Every week new research comes out showing Aussies just how doomed we are when it comes to homeownership.
First home buyers are pretty much stuck in the rental-market forever (unless mum and dad step in), property prices continue to soar resulting in sky high mortgages and doing the rounds more recently, a study by Roy Morgan shows dual income households are up the creek if one person loses their job.
Ok, it sounds all a bit doom and gloom. So let’s focus on the positives:
- If you are one of the 3.2 million mortgage holders on a dual-income chances are – unless you bought in a Queensland mining town – your property has appreciated in value.
- There are heaps of measures you can take on to ensure, even if one of you does wind up unemployed, you’ll steer through that period without the banks knocking on your door. Which brings us to…
Mozo’s top tips for giving yourself a home loan buffer:
Tip #1 Don’t stretch your budget too far
It may seem an obvious tip but with house prices nearing the million dollar mark in Australia’s major cities, getting a decent size property for you and your family may tempt you to pay a premium. But it’s a wise idea to only borrow what you can afford to repay on one income, as that way you’ll know if one of you does lose your job, you’ll still be able to meet your repayments. Also make sure you budget for any potential rate rises, as you may be able to easily afford your repayments when rates are under 4% but what will happen if they start to climb upwards again over the next few years? Remember the official cash rate was once as a high as 17.50%.
Tip #2 Get ahead on your home loan repayments
Most home loans these days come with the handy feature of an extra repayments facility. So while you’ve got two incomes coming in, set up a budget each month that will see you putting more towards your home loan than your agreed ongoing repayments. That way if you do find yourself in a situation where you’re on one income, you’ll be ahead on what you owe and may be able to take a repayment holiday. And if you so happen to both keep your jobs, then the plus is you’ll pay off your loan earlier than expected.

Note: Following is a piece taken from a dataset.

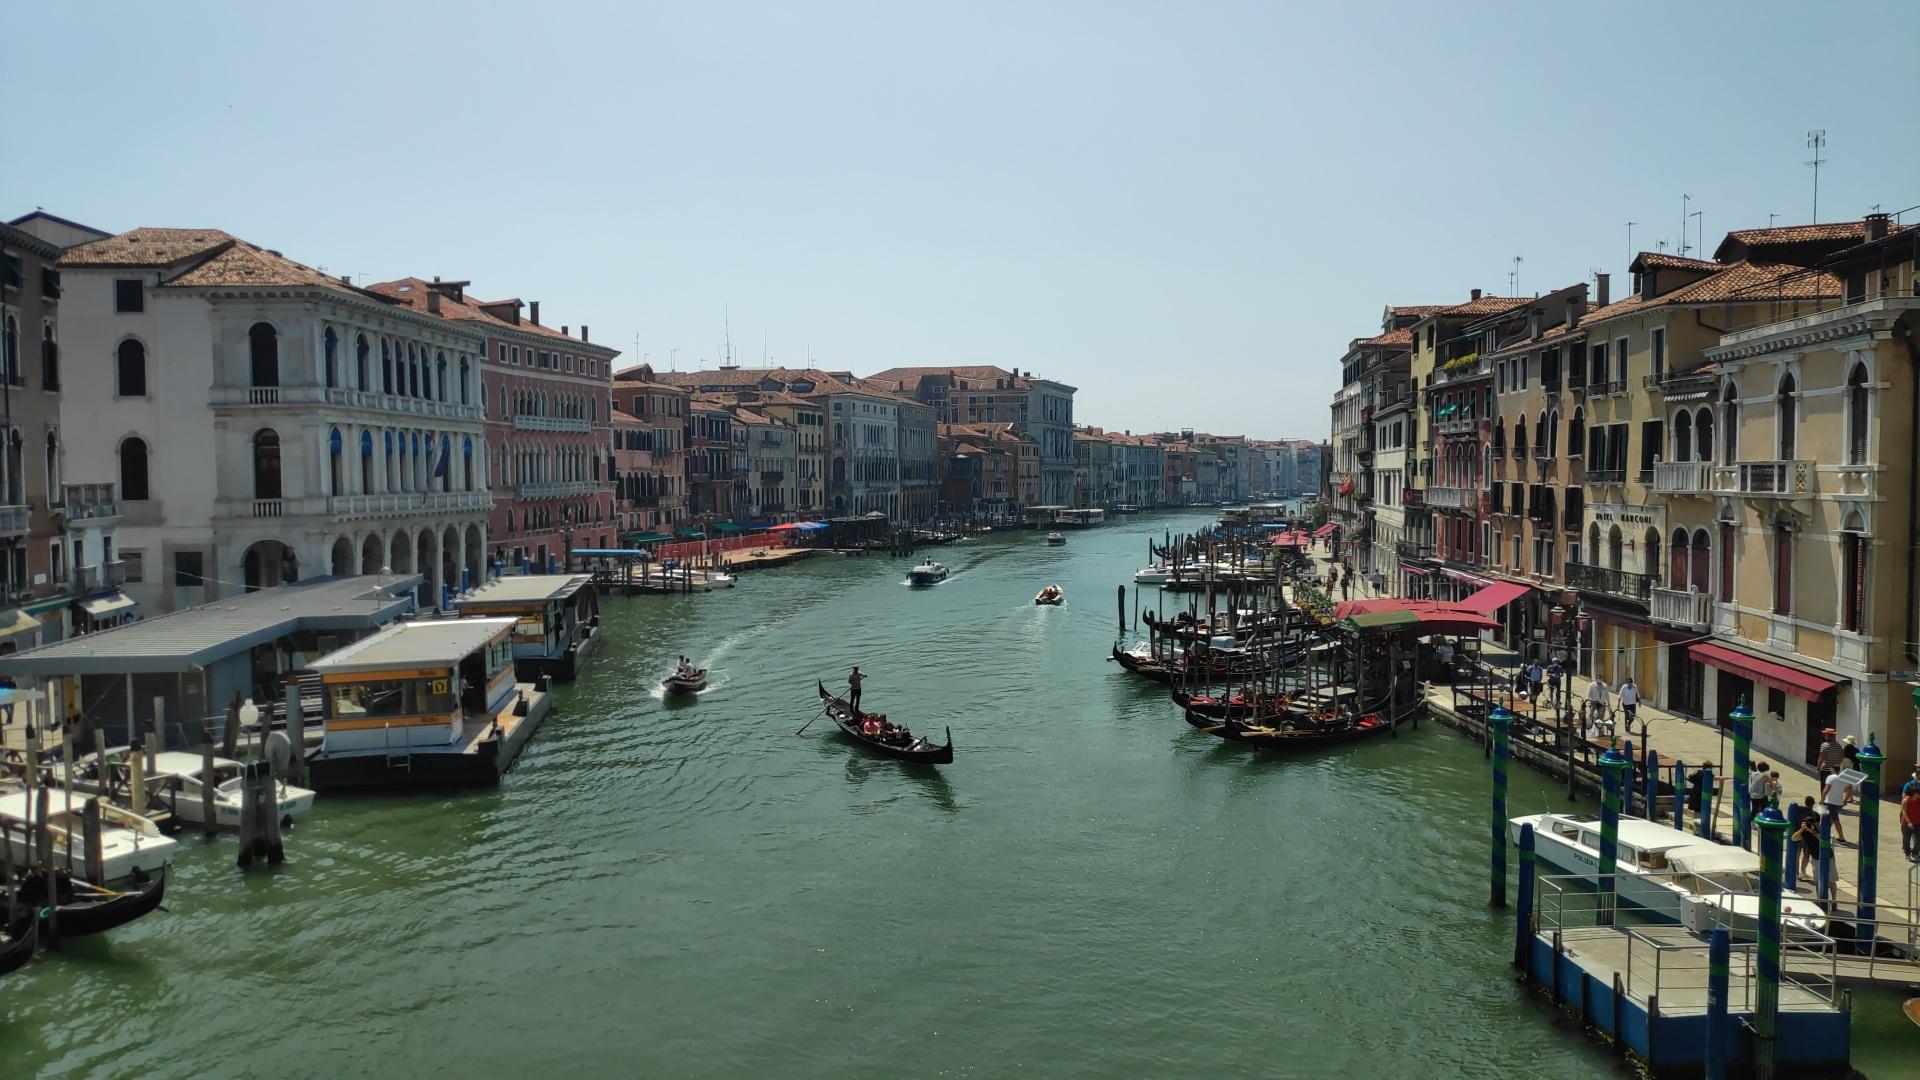 Un dia paseando por venecia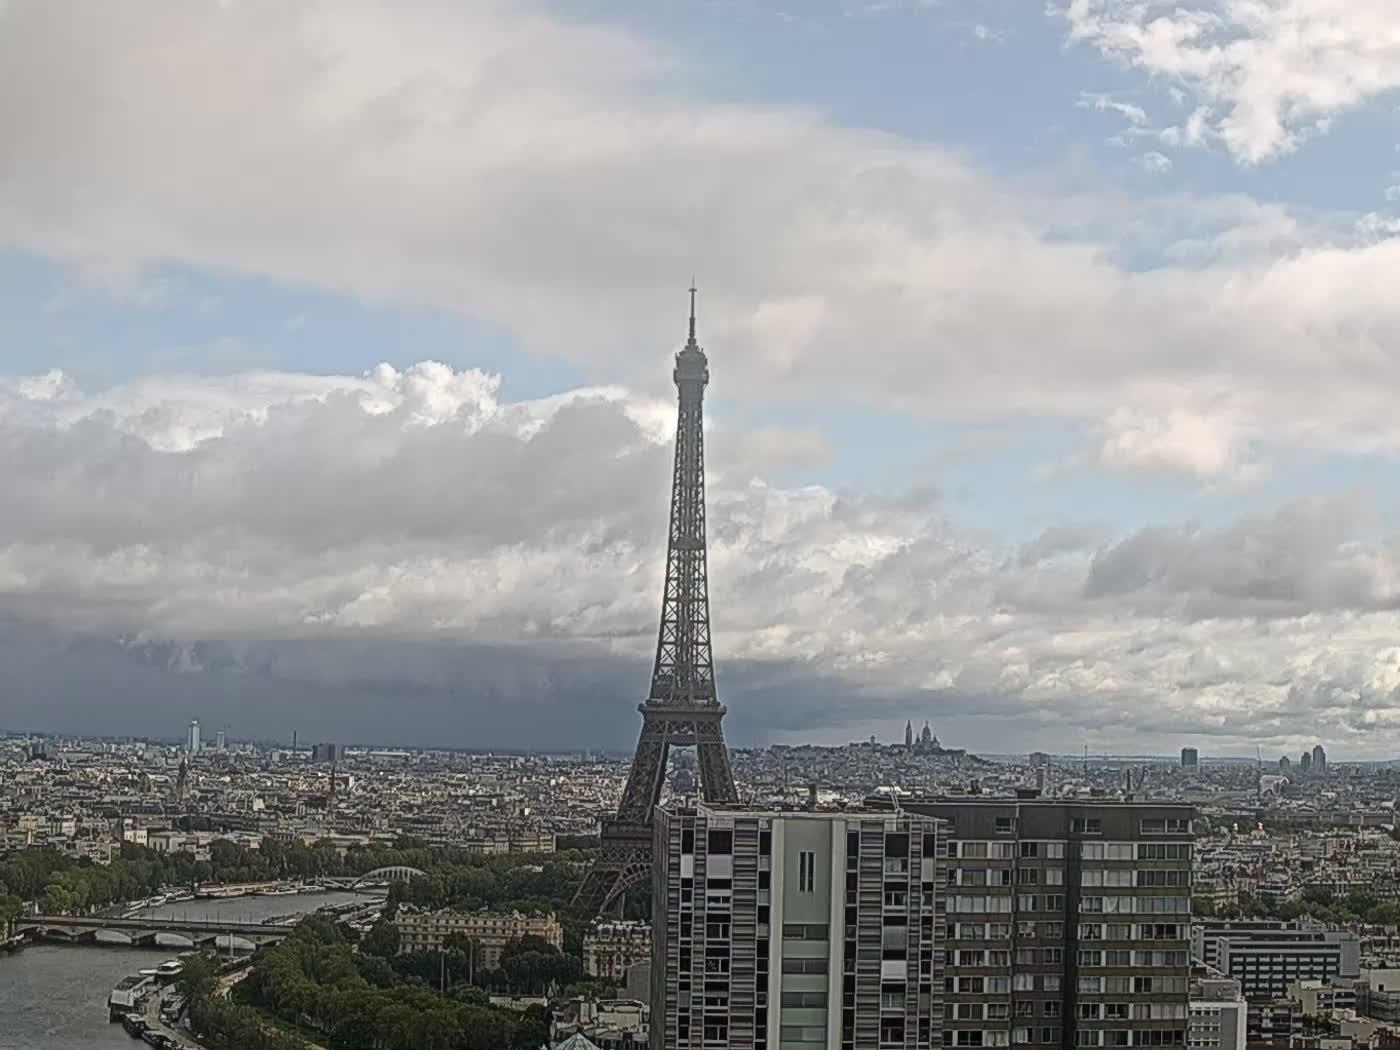 Paris Thu. 10:22

Tip #3 Take out mortgage protection insurance
Another option is to take out mortgage protection insurance (not to be confused with lenders mortgage insurance which protects the lender), this cover will actually protect you the borrower by paying your home loan repayments up to an agreed amount if one of you loses your job or becomes unwell. This is the type of thing you need to do your research on, to find the best deal, as each insurer has different caps on the length of time they’ll pay your mortgage for. For instance, one policy we looked at would cover your repayment for up to 30 months if you are injured or suffer from illness, but only up to 90 days for involuntary unemployment. Also make sure you check that the policy will cover up to 2 people before you sign on the dotted line. The good news is most of the insurers that do allow for two income cover, will let you tailor the amount of cover for each person.